Task statement:
Write the listing out once more, identical to the original but without pictures.

Supplied material:
⁂

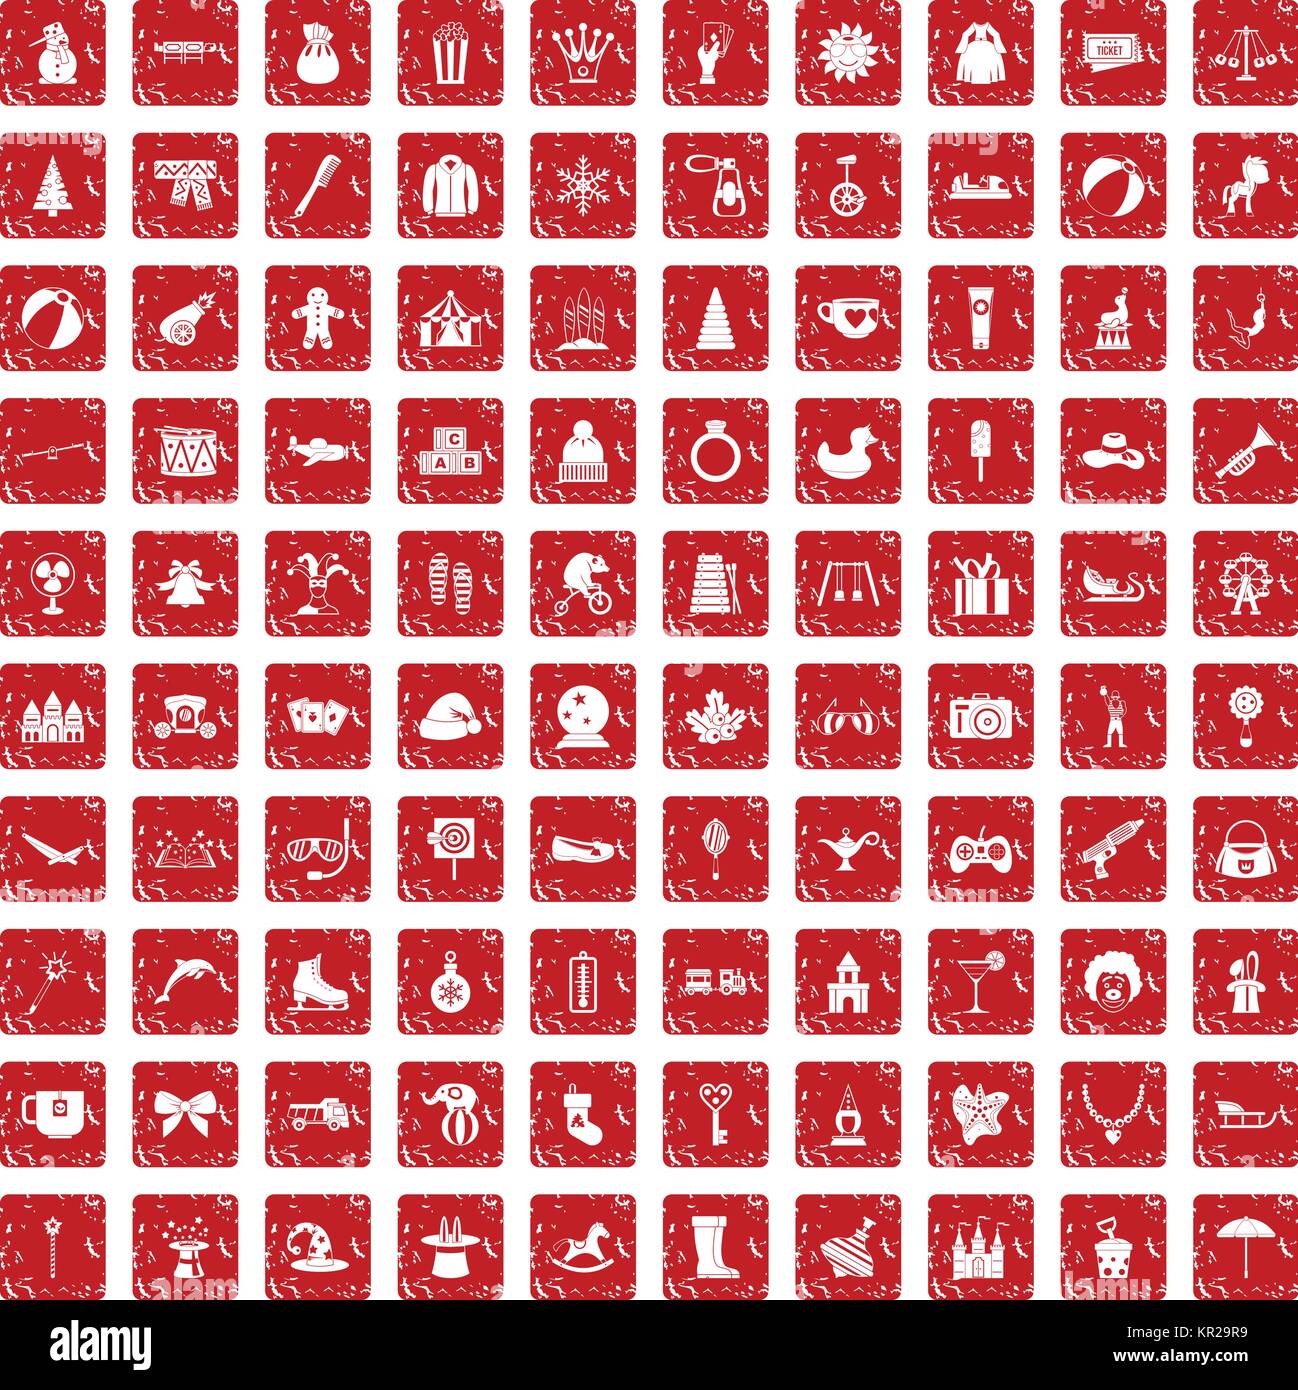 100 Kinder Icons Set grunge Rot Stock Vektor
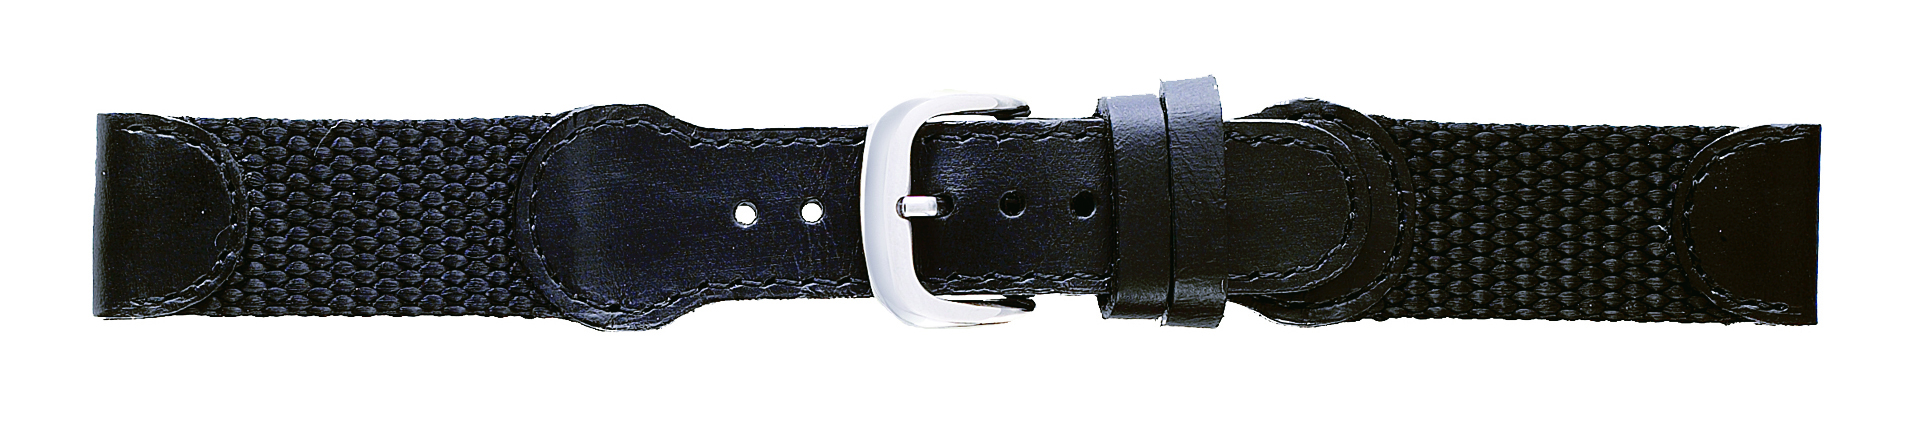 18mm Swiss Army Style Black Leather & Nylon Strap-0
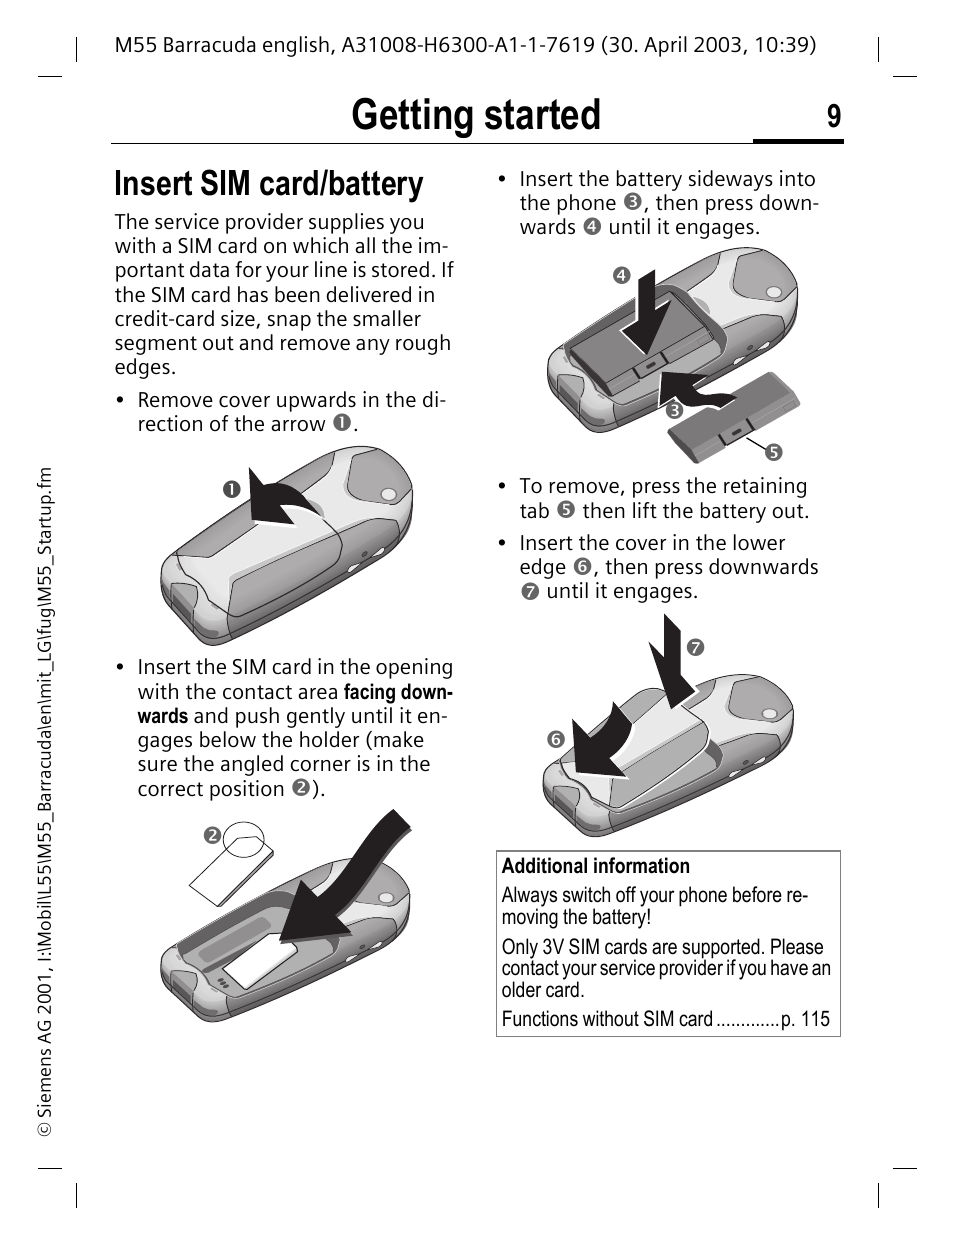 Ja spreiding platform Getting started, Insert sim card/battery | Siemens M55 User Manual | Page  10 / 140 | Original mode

⁂

Answer space:
 100 Kinder Icons Set grunge Rot Stock Vektor
 18mm Swiss Army Style Black Leather & Nylon Strap-0
 Ja spreiding platform Getting started, Insert sim card/battery | Siemens M55 User Manual | Page  10 / 140 | Original mode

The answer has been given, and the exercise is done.